◆ **Data below**
________________________________________
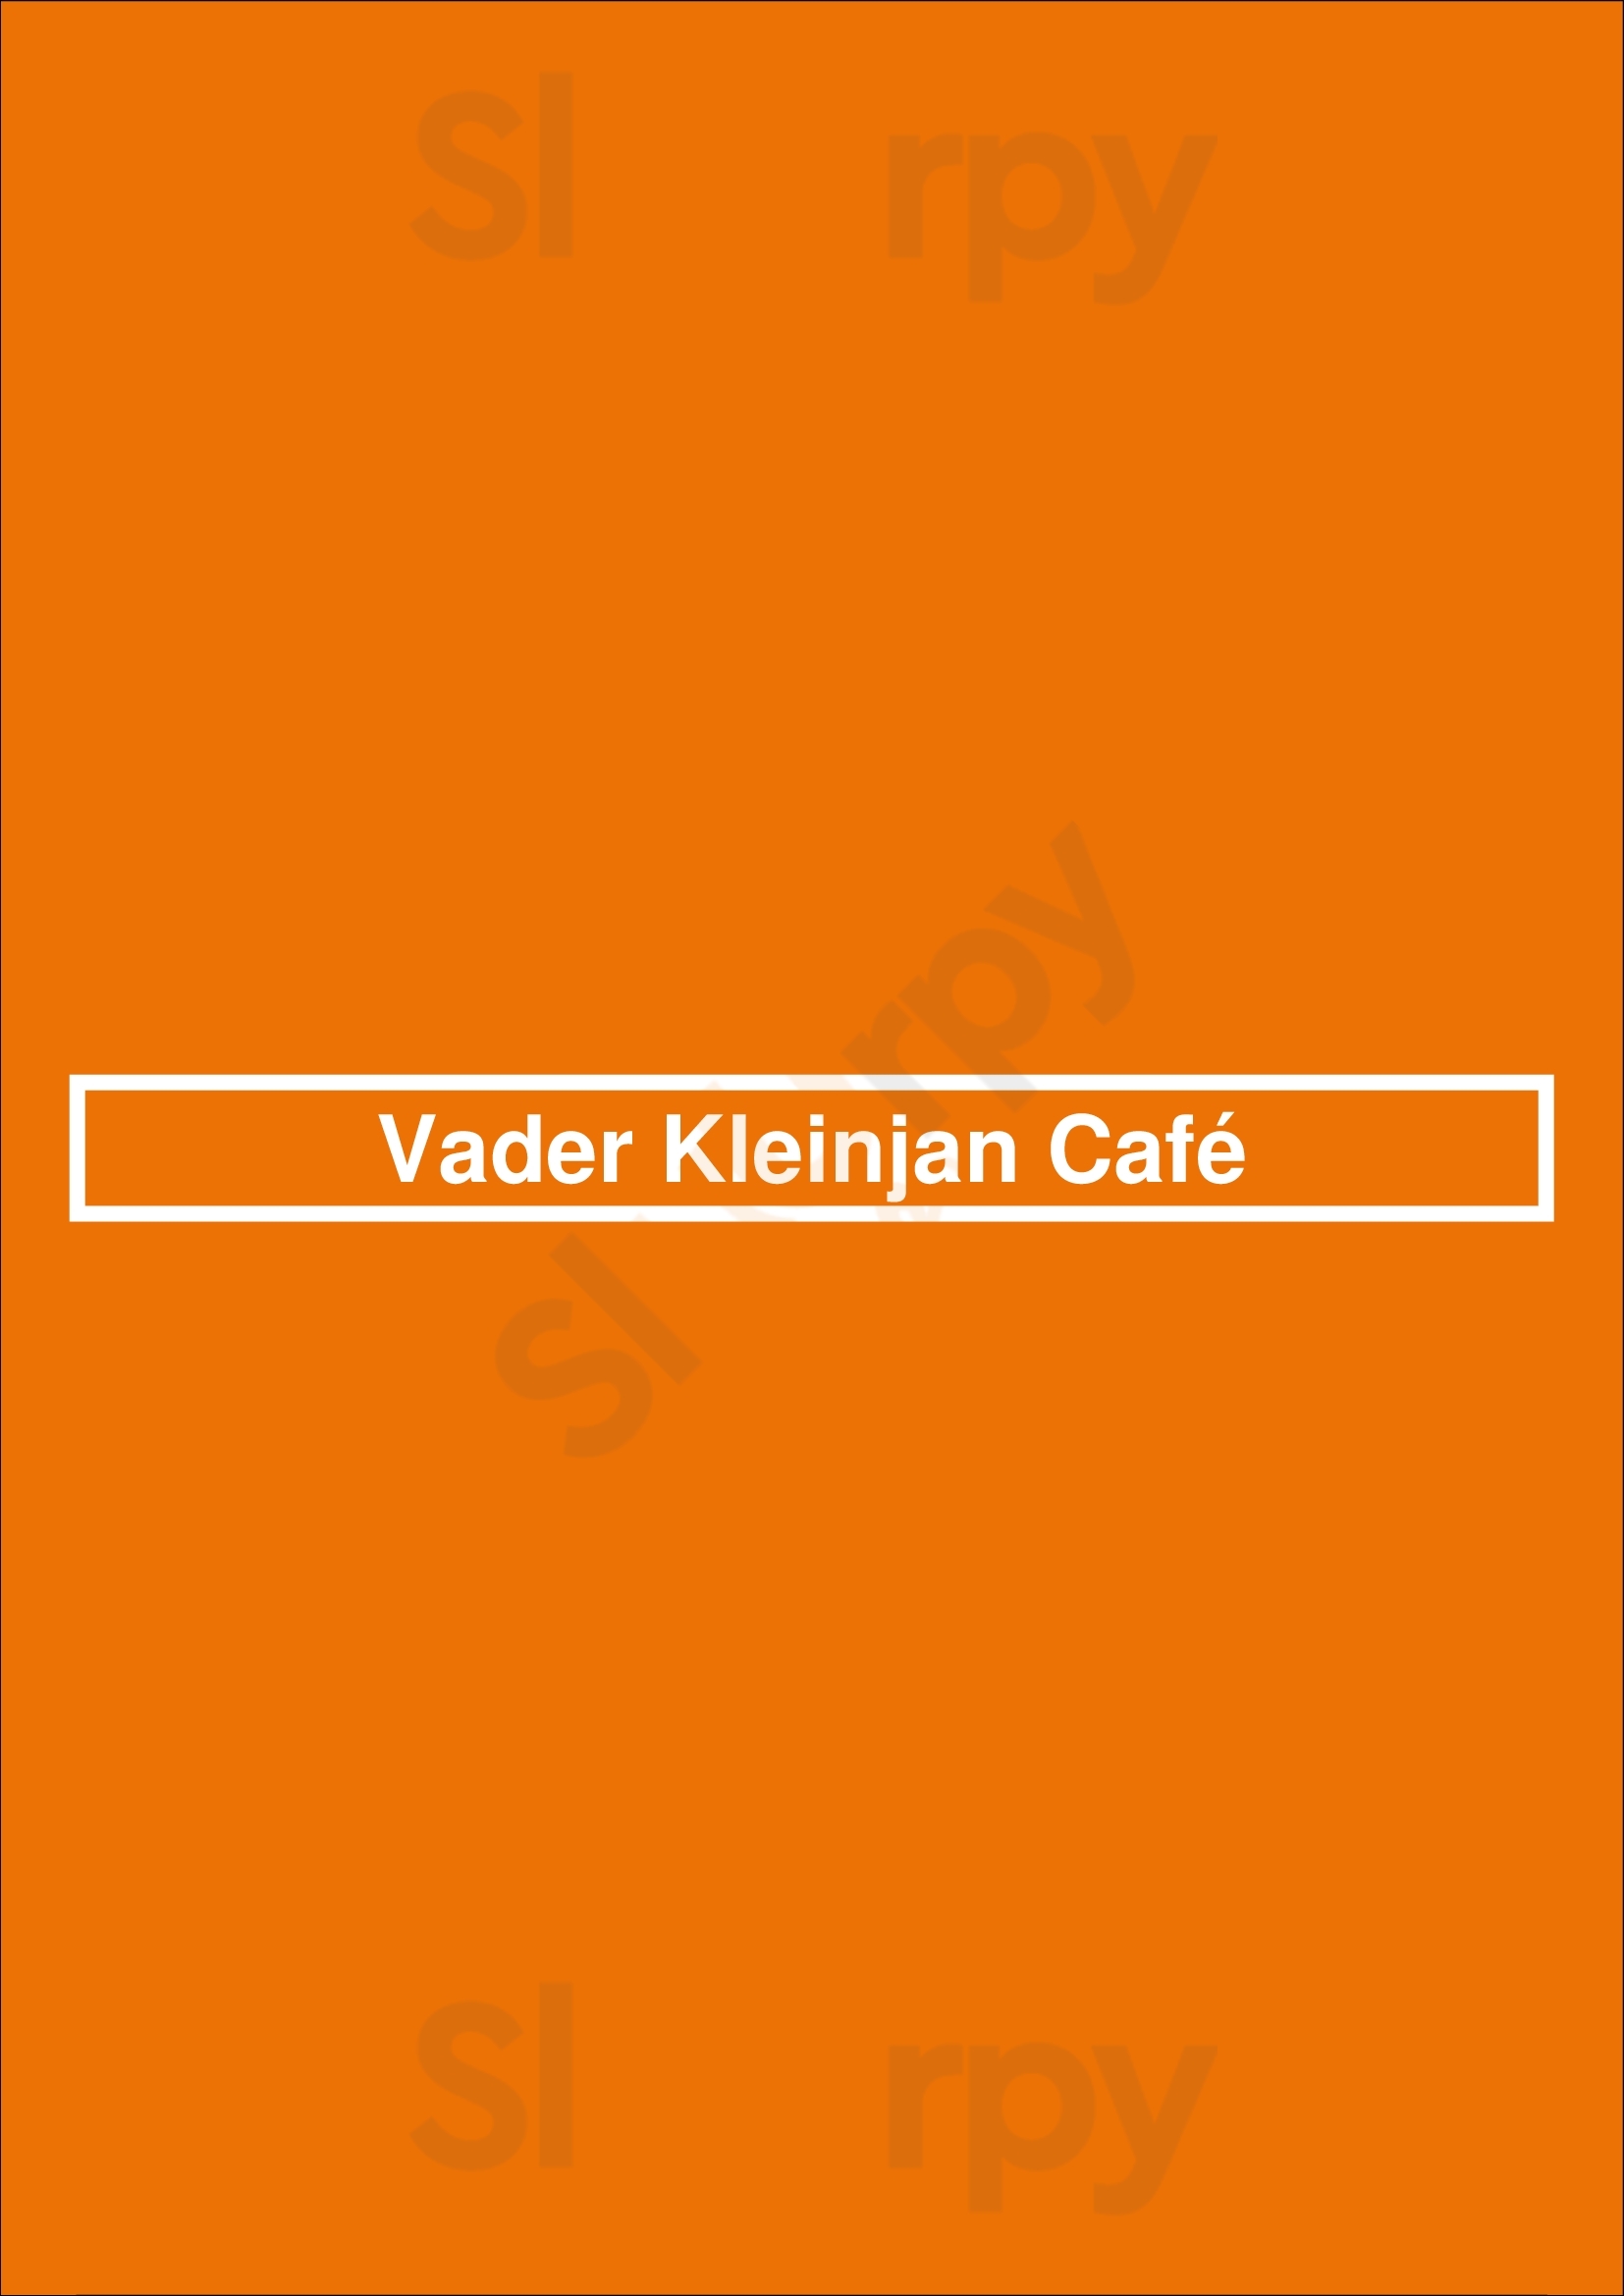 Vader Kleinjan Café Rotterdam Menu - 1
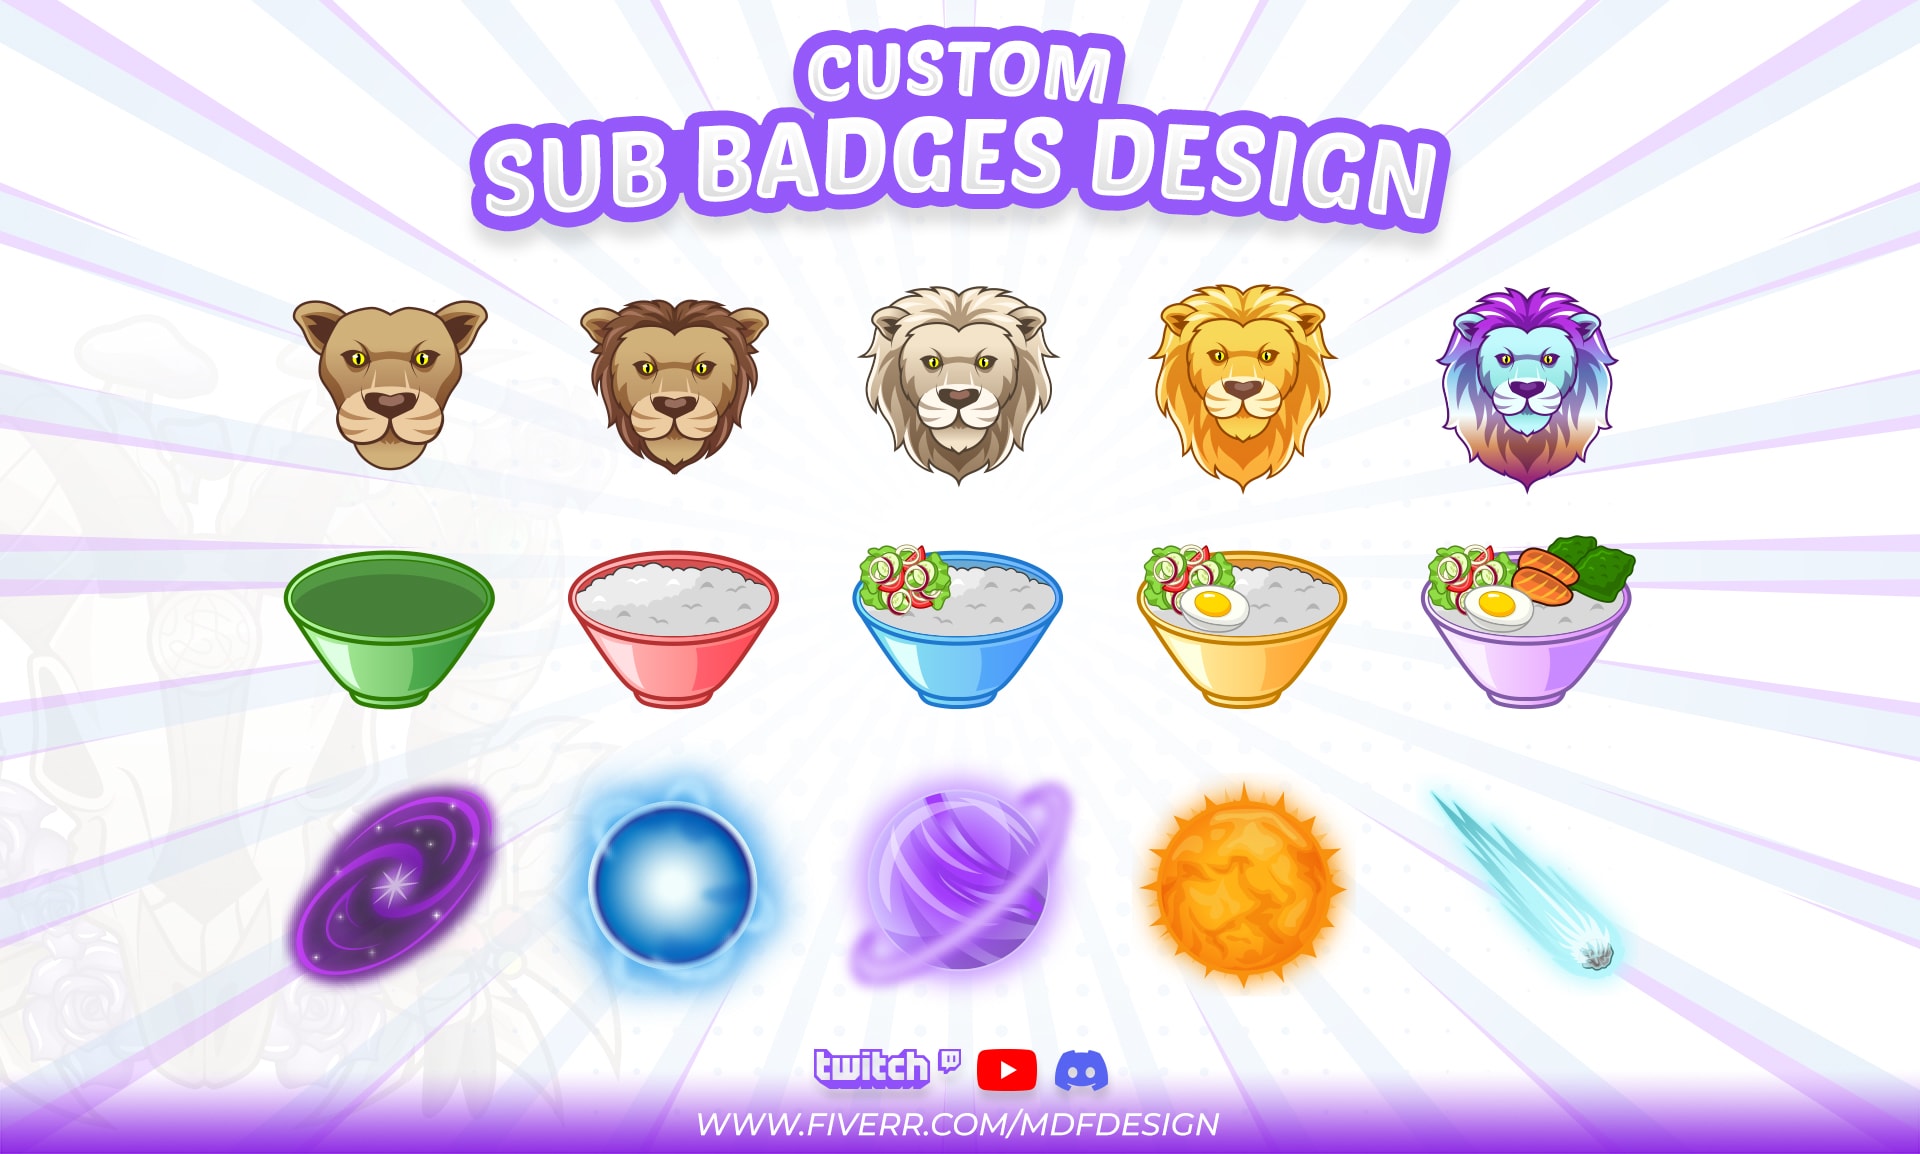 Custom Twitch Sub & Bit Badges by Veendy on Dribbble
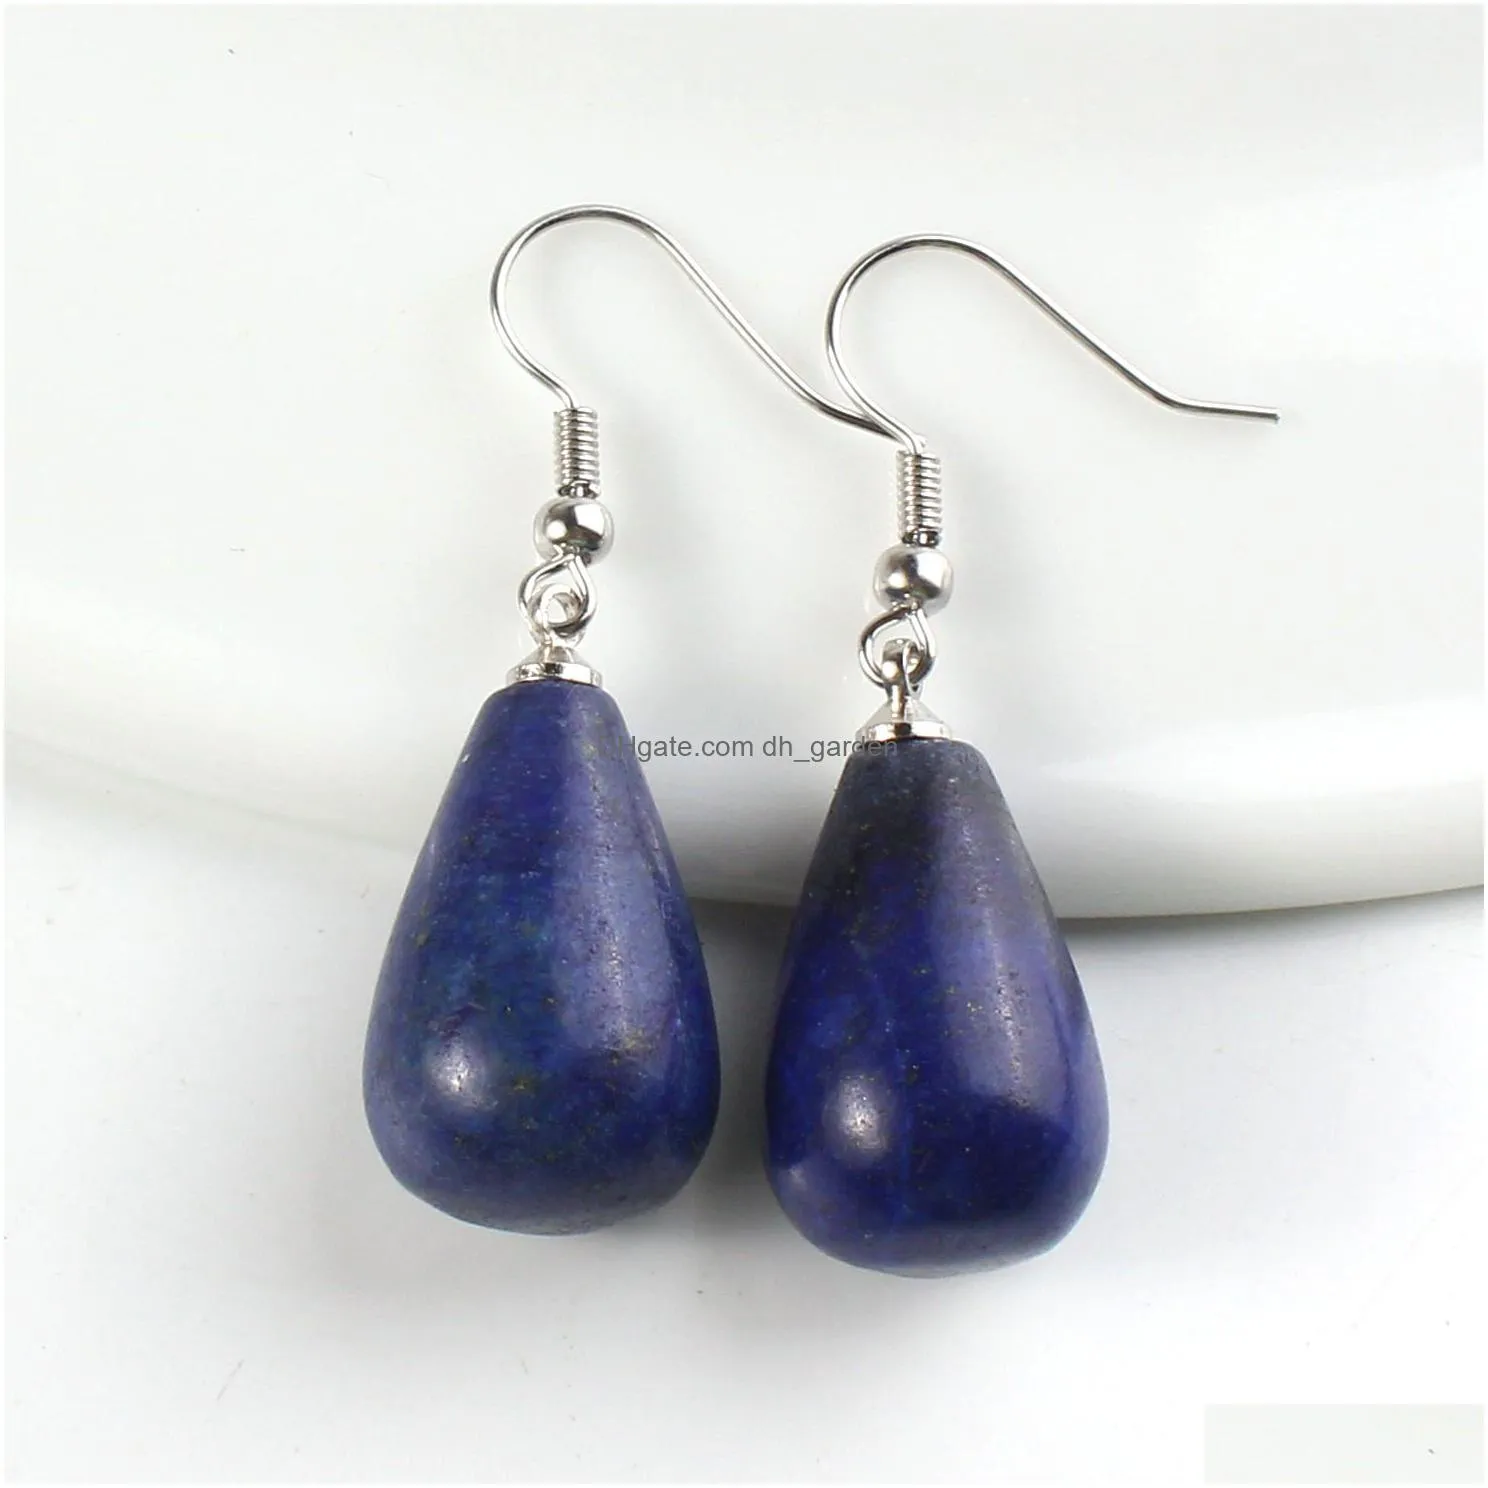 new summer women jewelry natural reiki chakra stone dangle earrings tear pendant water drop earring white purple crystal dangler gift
________________________________________
◆ **Task description**
The lines needed are those from the one containing "Custom Twitch Sub" through the end of the listing, given again word for word and without any picture.

◆ **Response to the task**
 Custom Twitch Sub & Bit Badges by Veendy on Dribbble
 new summer women jewelry natural reiki chakra stone dangle earrings tear pendant water drop earring white purple crystal dangler gift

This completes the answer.